A clearly worded sign is enough to stop an easement being created by prescription, because the sign specifies that the use (which might otherwise become an easement) does not have the consent of the landowner. This much is established law. The challenge for practitioners is advising on the wording of such a sign: is it clear enough?

Suzanne Gill

Suzanne Gill

An easement claimed by prescription must have been used as of right. What this means is that the use must not have been by force, nor in secret, nor with permission. Put another way, the person claiming the easement on the basis of prescription must show that the user which is relied upon was neither contentious nor allowed only under protest.

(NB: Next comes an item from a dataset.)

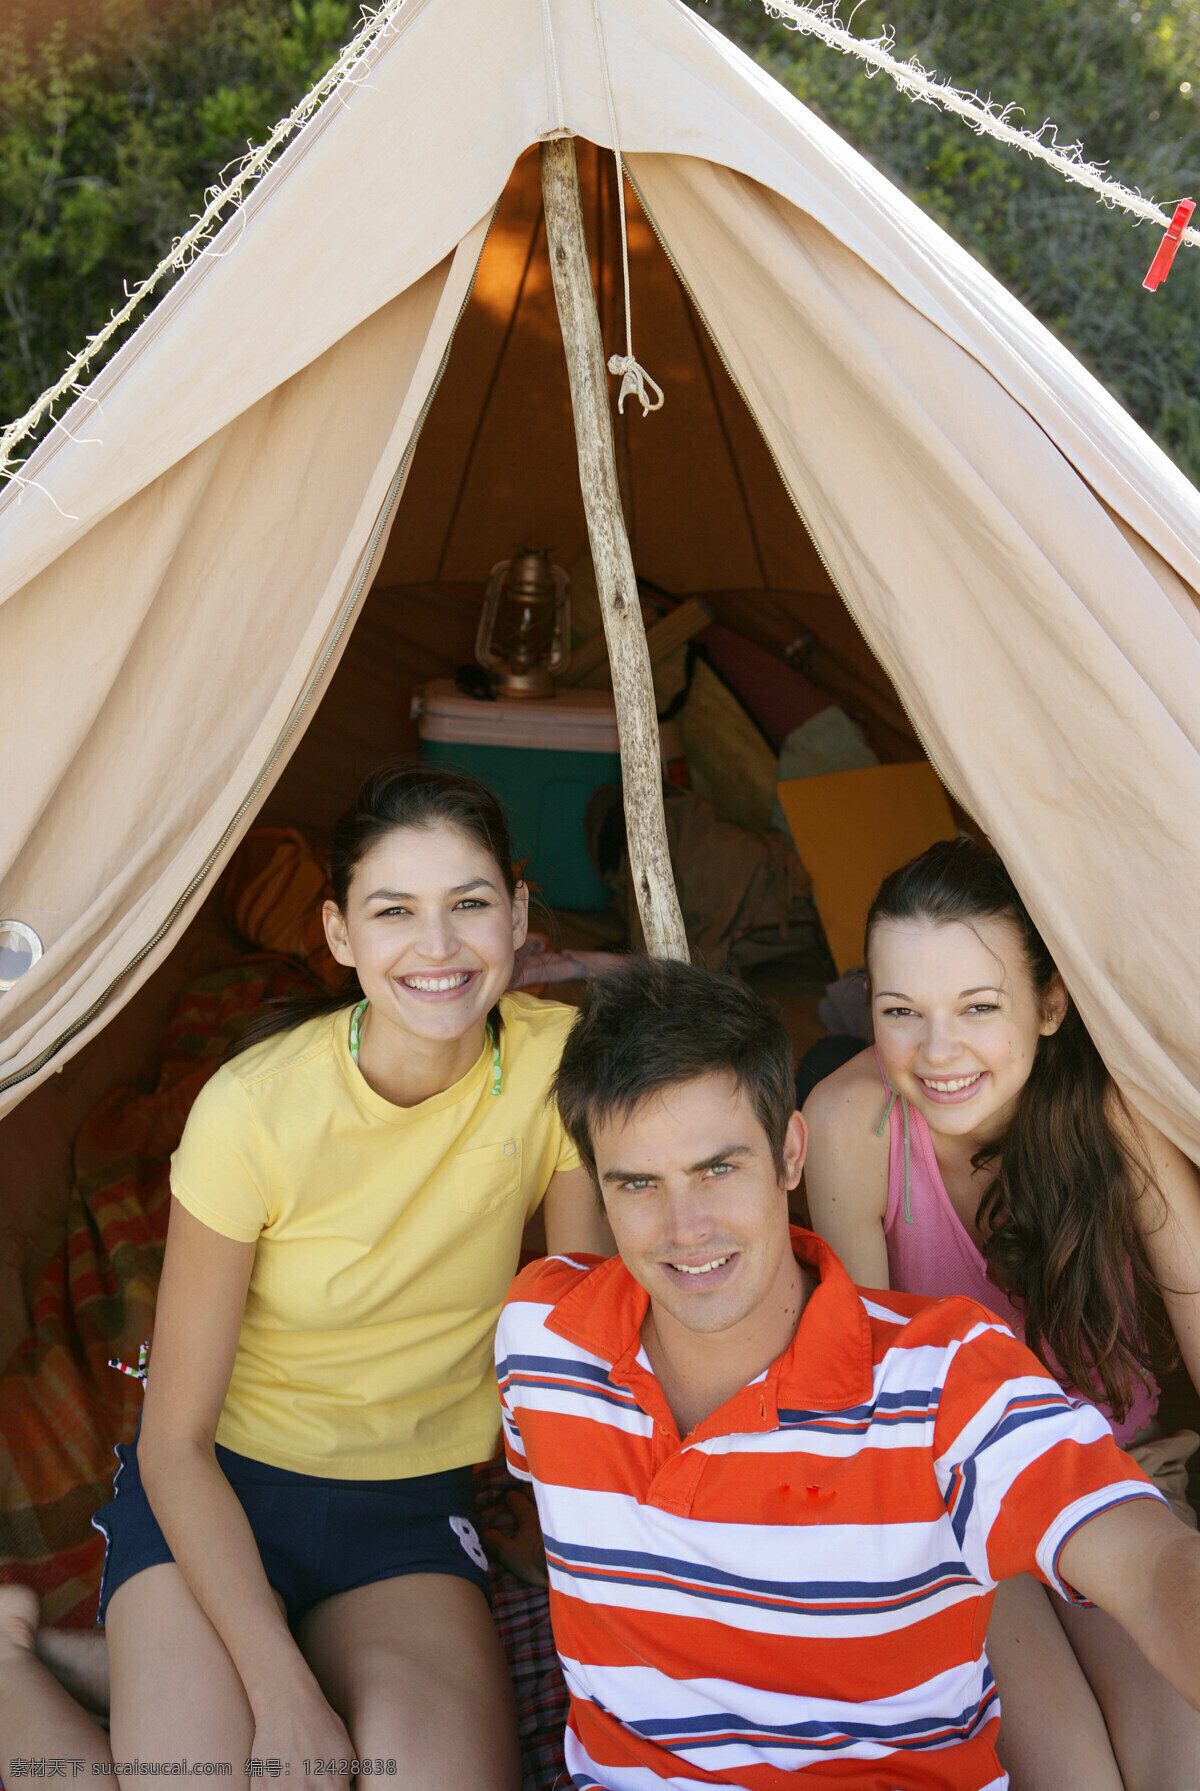 帐篷 里 男女 男孩 女孩 情侣 度假 野外聚餐 美食 野外宿营 生活人物 人物图片

As a matter of policy, a clearly visible sign is sufficient to amount to a protest. This peaceful and inexpensive means of making clear that property is private can prevent those who ignore such signs from obtaining legal rights. There is no need to confront unlawful users personally or bring legal proceedings.

The point has been considered recently by the Upper Tribunal in Nicholson and another v Hale and another [2024] UKUT 00153 (LC). A row of properties called Derby Terrace was accessible both by a raised walkway, leading to the principal entrances, and by a staircase from the highway up to the walkway. The staircase was over land forming part of 4 Derby Terrace. The staircase was removed and the owners of 6 Derby Terrace claimed a right by prescription, granted by the First-tier Tribunal, but appealed by the owners of 4 Derby Terrace to the Upper Tribunal.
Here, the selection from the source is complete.